Reviews Books Published 17 July 2012

International Prize for Arabic Fiction

Royal Festival Hall | Southbank ⋄ 6th July 2012

The politics of place.

Viv Jackson

The Arab Spring revolutions were televised. In place of the stereotype of the homogenous ‘Arab Street’, news-watching UK audiences suddenly saw diverse men and women from across the Middle East eloquently disagreeing about the future of their states. Similarly, the International Prize for Arabic Fiction (IPAF) shows that consensus and casual prejudices about Arabic novels are difficult to sustain. At this month’s London Literature Festival, key figures involved with organising, translating and judging the Prize expressed a refreshing lack of unity about aspects of contemporary Arabic literature as well as the influence of the prize itself upon Arab authors.

The IPAF has been running since 2007: it is currently funded by the Emirates foundation in Abu Dhabi, and supported by the Booker Prize Foundation in London. This year, Rabee Jaber won with The Druze of Belgrade: a case of mistaken identity set in the 1860s that exiles a ordinary Christian Lebanese man to prison at the edges of the Ottoman empire, in Serbia, amongst Druze co-patriots. The prize has started to bring together an international Arabic-reading audience across stubborn national reading divides in the Middle East, said translator and journalist Jonathan Wright. He added that the IPAF is also a “massive incentive” for authors to get writing, given that it is financially outstanding in the Arabic world ($50,000 for the winner and $10,000 for those on the shortlist) and ensures foreign language translation.

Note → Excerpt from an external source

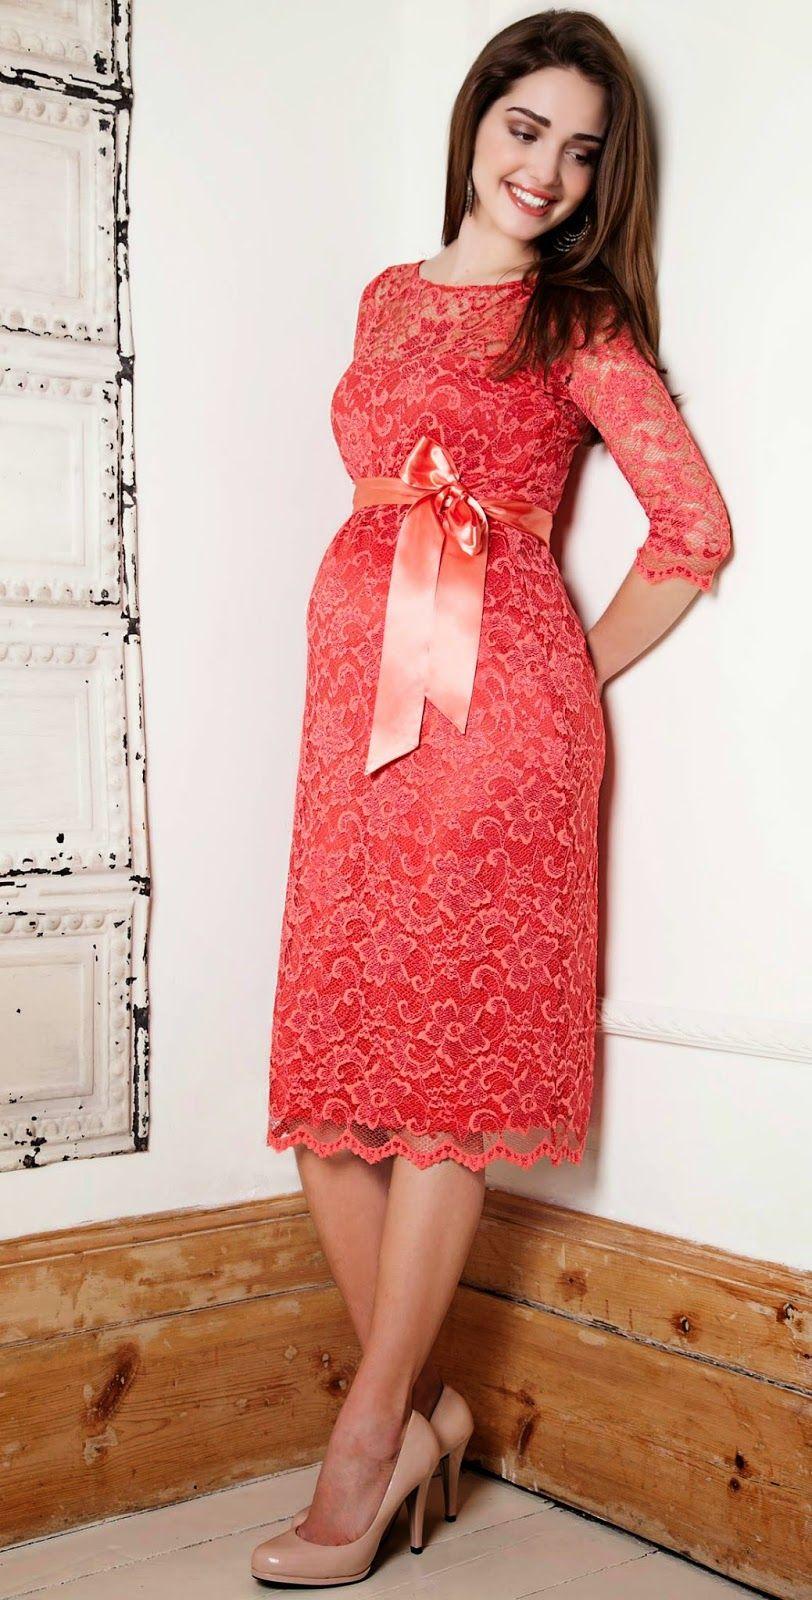 Modas de vestidos de fiesta para embarazadas

Yet, Wright wonders if the prize may – although he had no hard evidence for it – encourage Arab authors to target a Western, rather than Arabic, readership: “It seems a little odd writing in one language but addressing readers of another language.” The hunger of Western book-reading audiences for Arabic novels, as Judge Maudie Bitar reflected, may not only be for new literary perspectives on being a human being, but also for a “tourist” experience in the exotic Middle East. However IPAL trustee Professor Marie Therese Abdel-Messih argued that today’s Arabic novelists are inevitably exposed to other geographical and cultural worlds, living in a contemporary condition of “cosmopolitan citizenship”. Many Arabic writers even physically live in the West as Bitar pointed out : “They become different whether they like it or not”. Common themes this year reflected writers’ engagement with the idea of place: dilemmas of belonging; ideology; estrangement from both home and destination societies; and the existential crises that such questions prompt.

The prize also bears witness to emerging directions in Arabic writing technique. The florid, lyrical, embellished prose of the past is giving way to what Wright calls “a pithy Arabic fiction,” more easily digestible to Western authors in translation. Yet, this was not necessarily a cause for celebration- Abdel-Messih lamented that the beauty of Arabic literary writing could be lost in more commercial novels.

In a literary world that is clearly distinct from, yet inexorably linked to, the dominating market and cultural forces of the West, the International Prize for Arabic Literature is an exciting site for productive contention.